The expected output is every line of the data exactly as shown, minus the images.

→ **Data excerpt**
◇ ◇ ◇ ◇

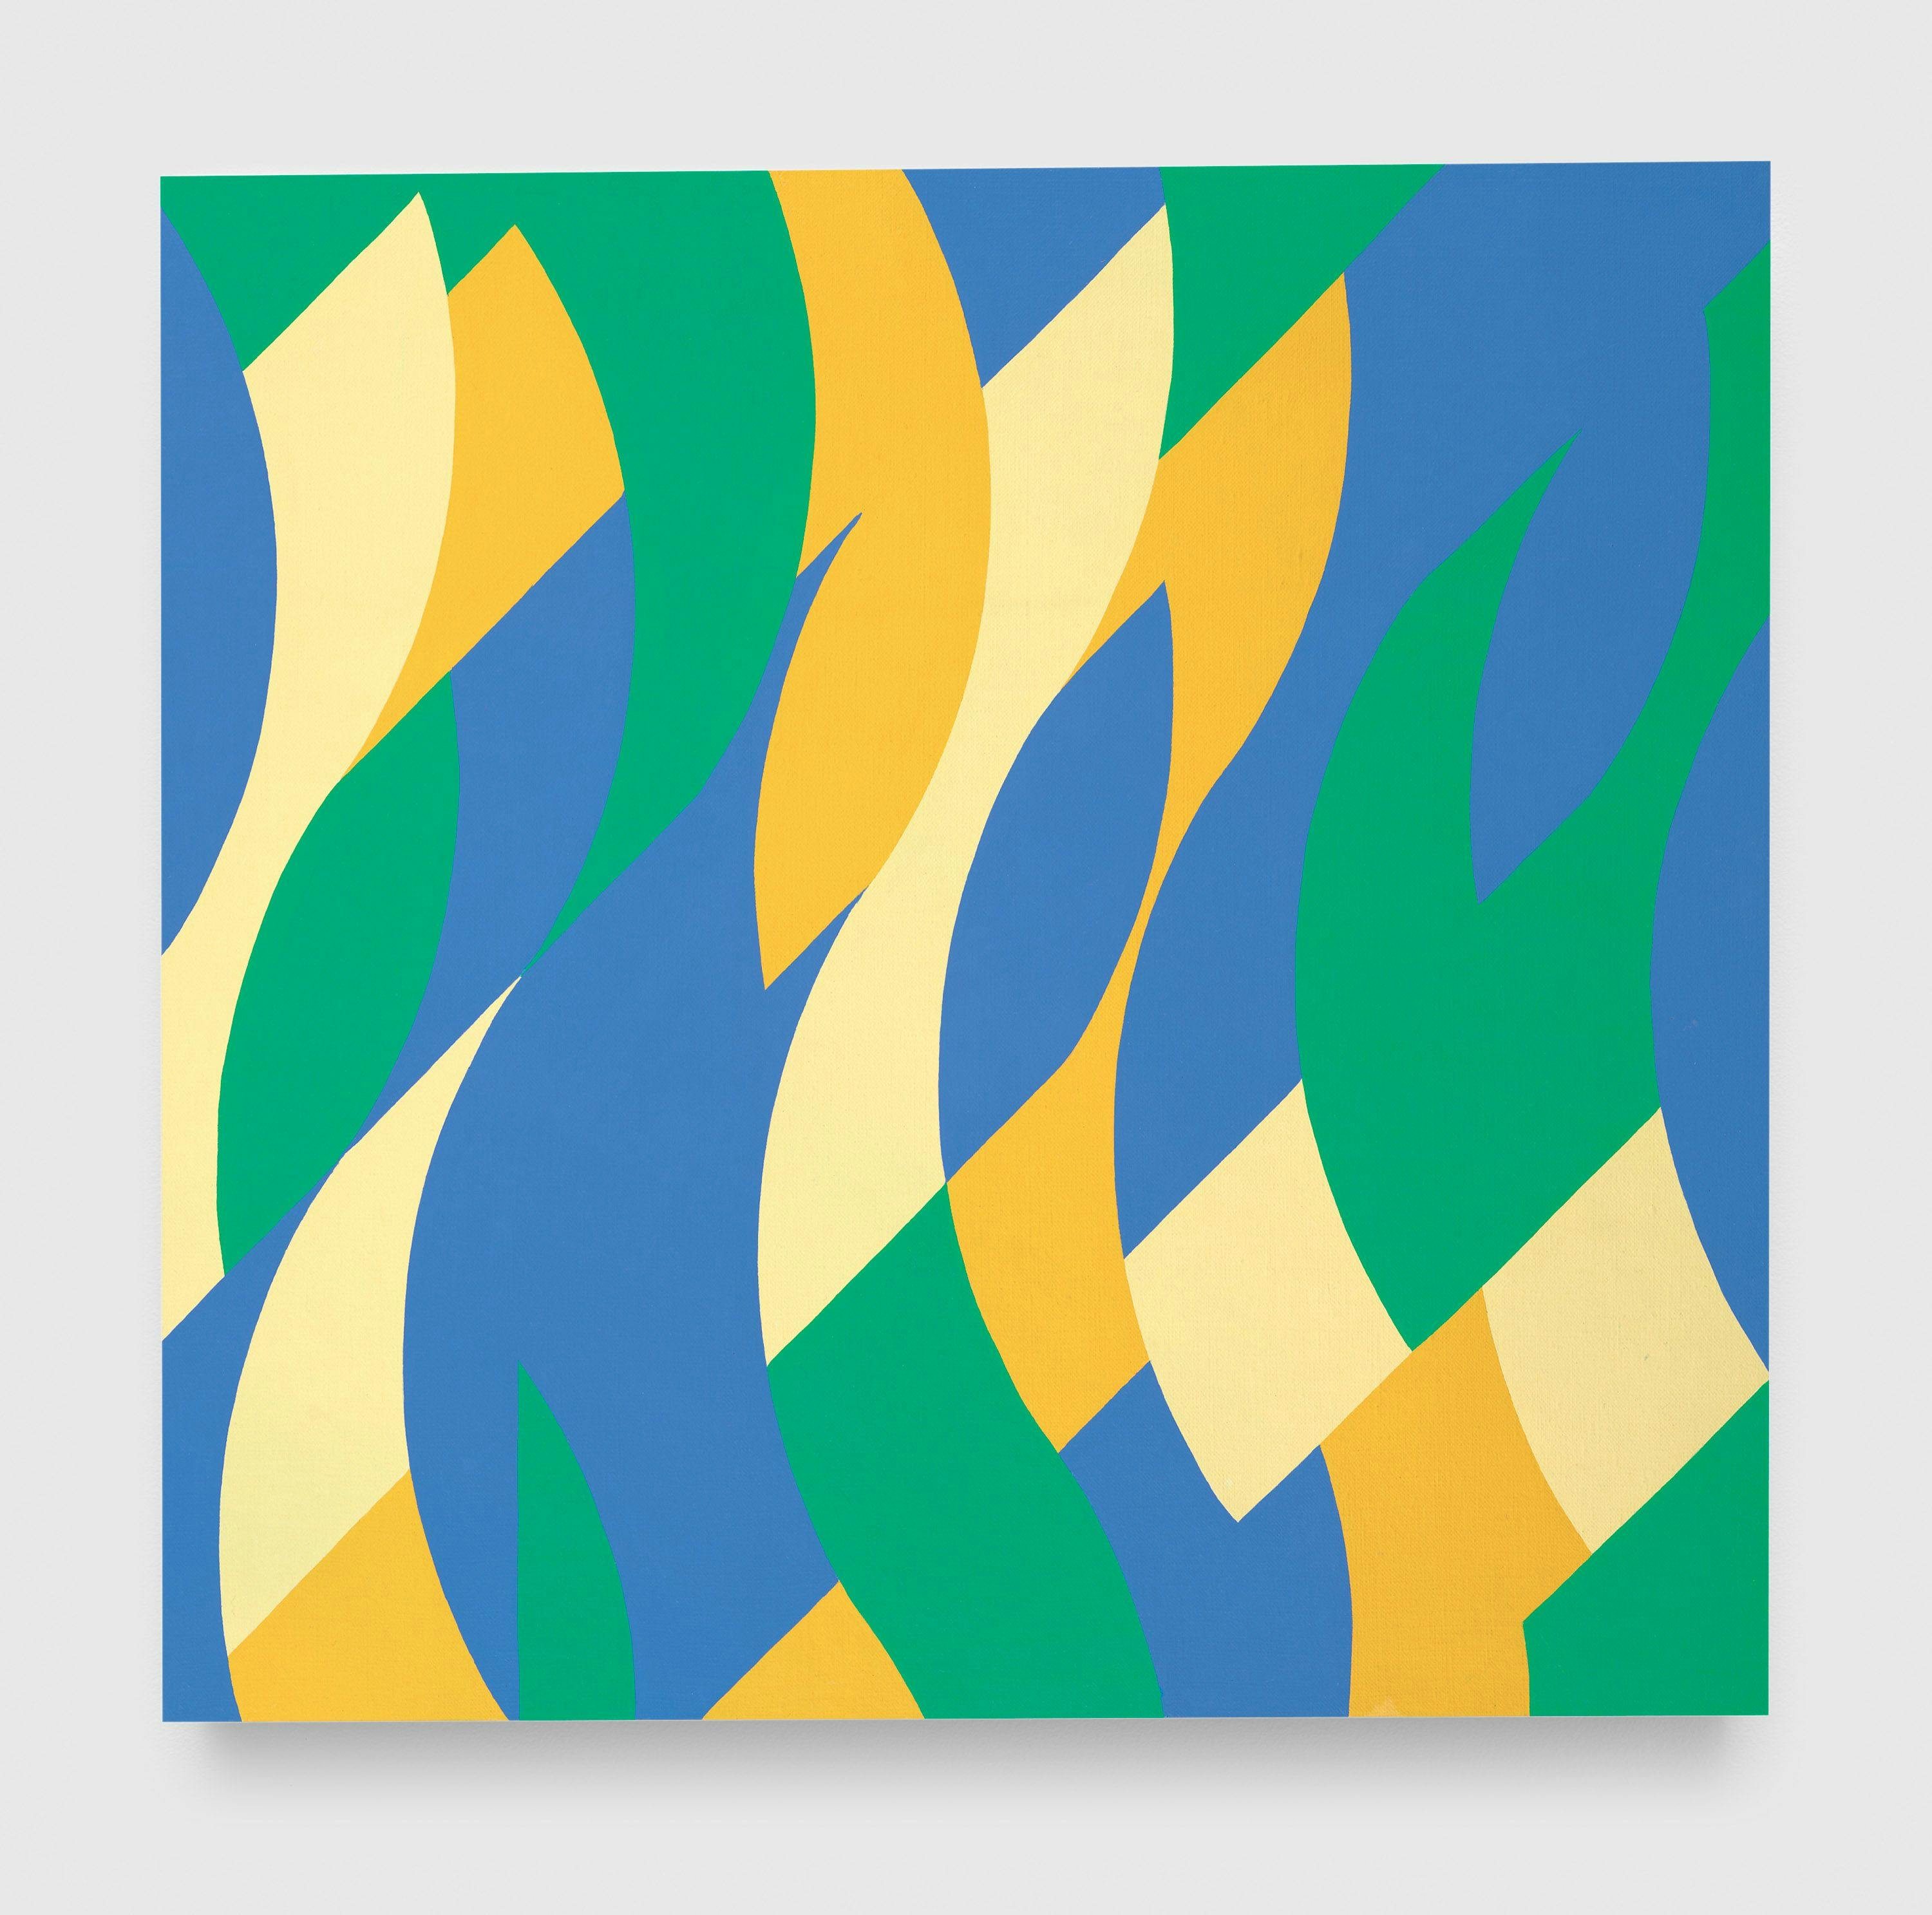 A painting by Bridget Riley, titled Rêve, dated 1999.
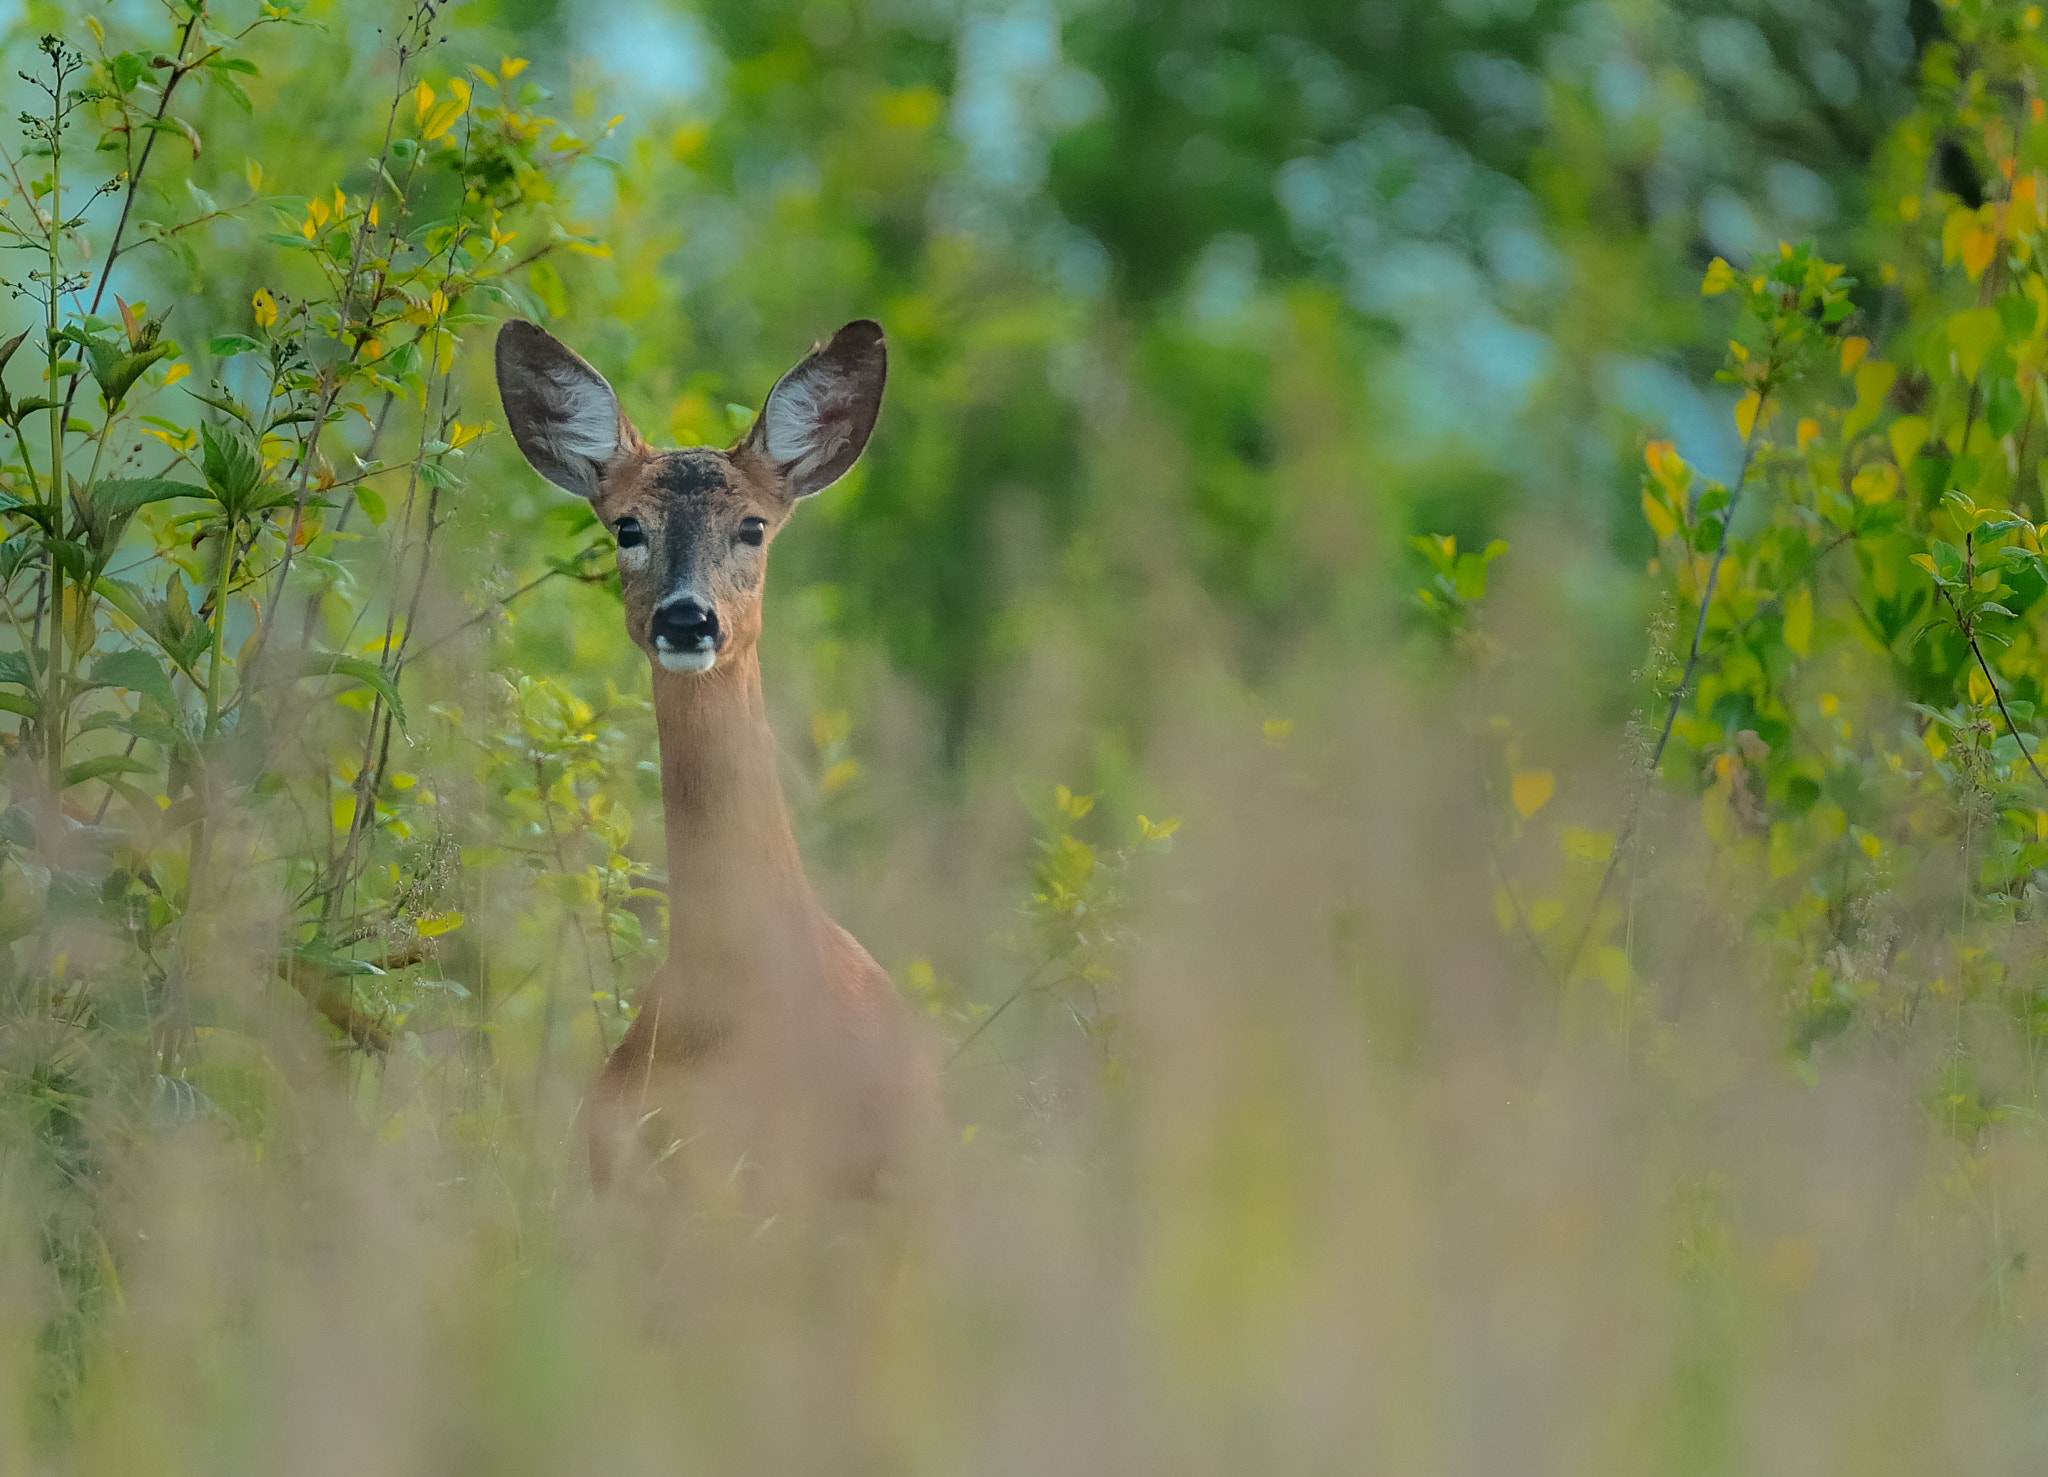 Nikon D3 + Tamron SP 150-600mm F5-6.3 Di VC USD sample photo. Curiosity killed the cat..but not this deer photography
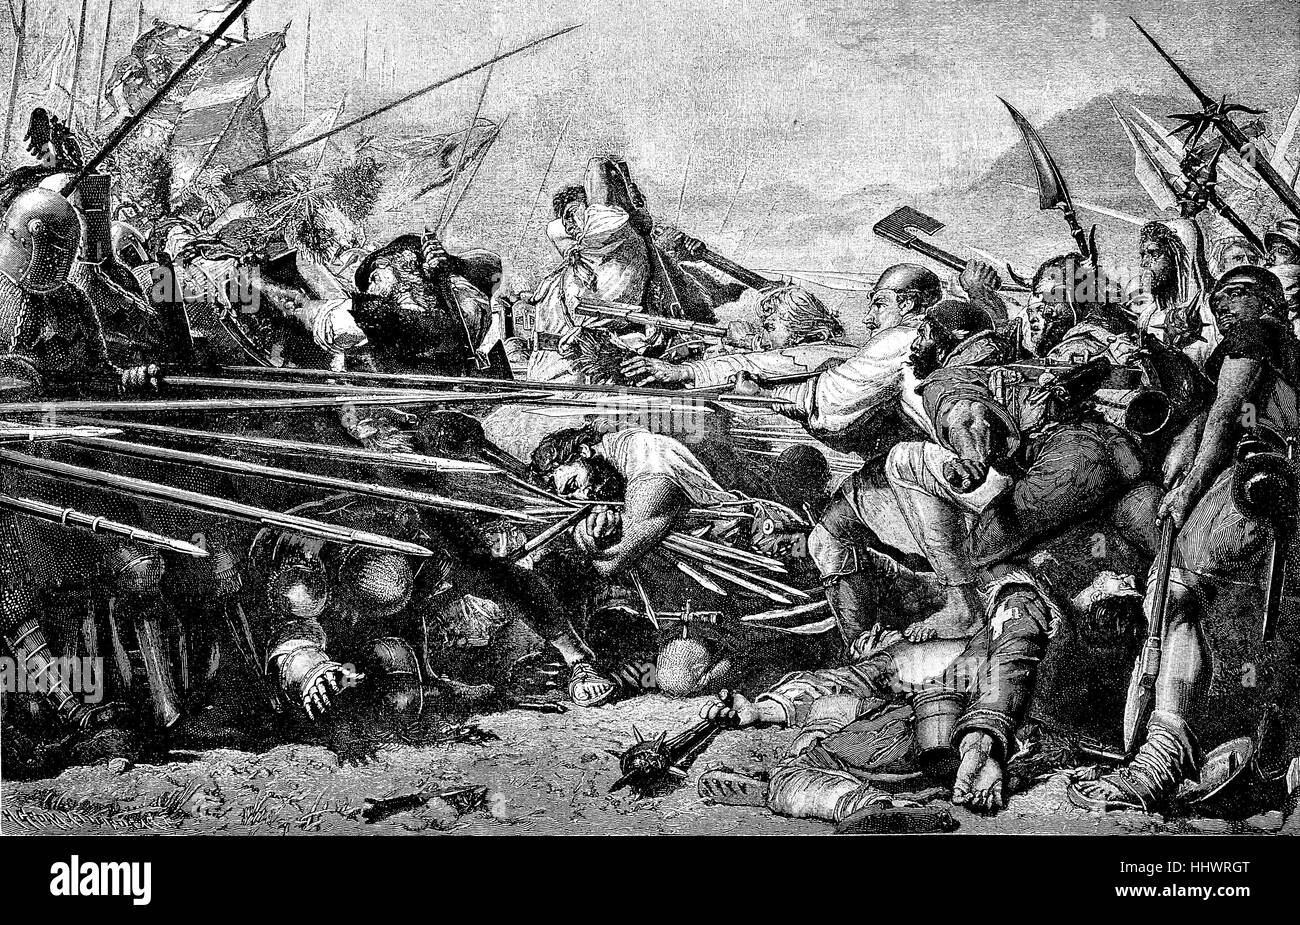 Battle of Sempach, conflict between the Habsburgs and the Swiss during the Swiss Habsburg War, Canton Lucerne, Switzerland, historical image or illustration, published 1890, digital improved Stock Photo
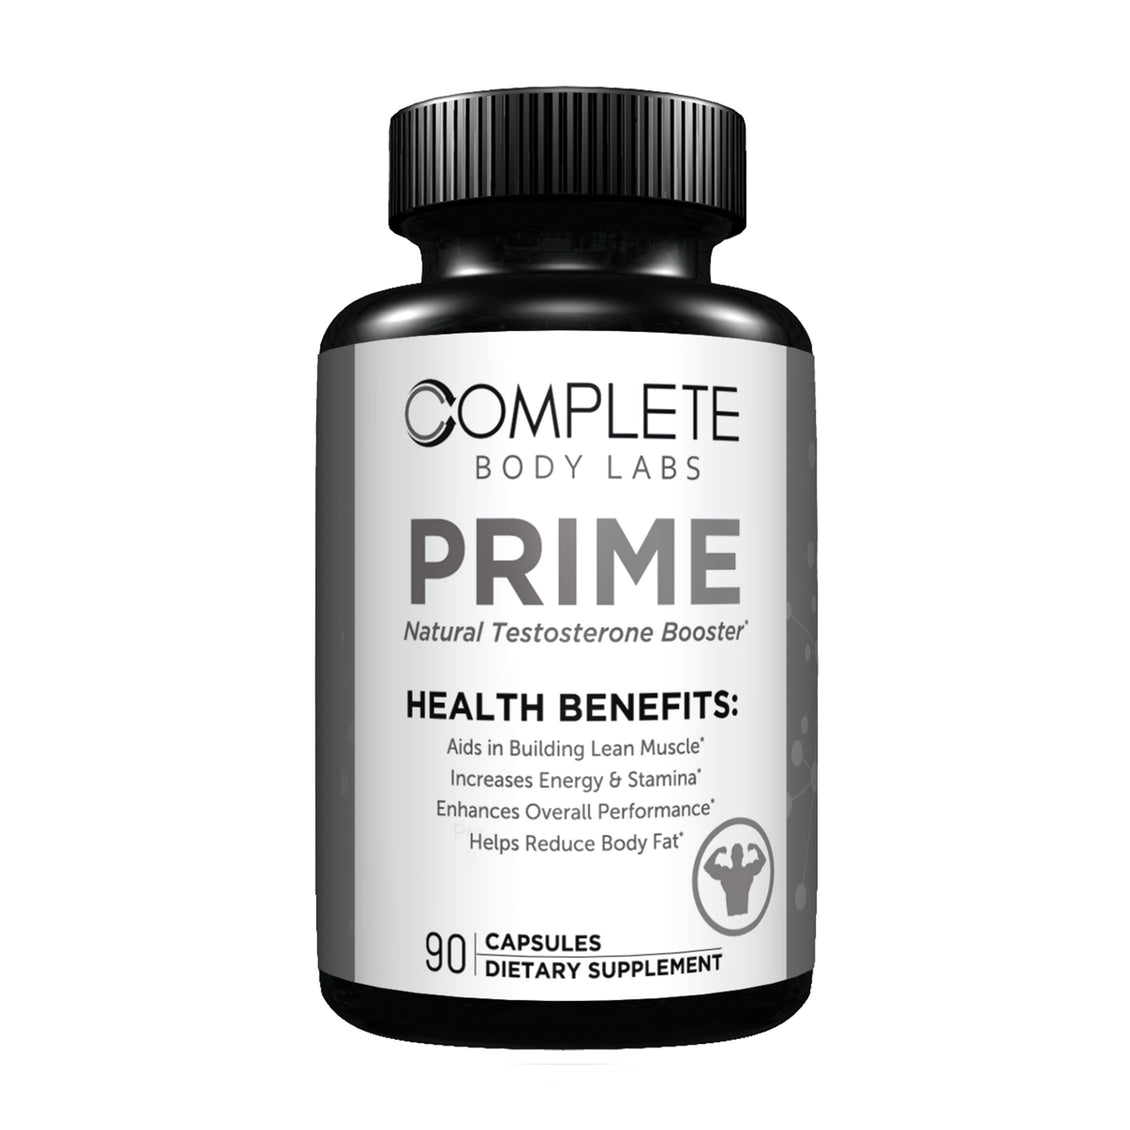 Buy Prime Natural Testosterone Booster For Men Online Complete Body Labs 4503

◇ ◇ ◇ ◇

→ **Result of this exercise**
 A painting by Bridget Riley, titled Rêve, dated 1999.
 Nikon D3 + Tamron SP 150-600mm F5-6.3 Di VC USD sample photo. Curiosity killed the cat..but not this deer photography
 Battle of Sempach, conflict between the Habsburgs and the Swiss during the Swiss Habsburg War, Canton Lucerne, Switzerland, historical image or illustration, published 1890, digital improved Stock Photo
 Buy Prime Natural Testosterone Booster For Men Online Complete Body Labs 4503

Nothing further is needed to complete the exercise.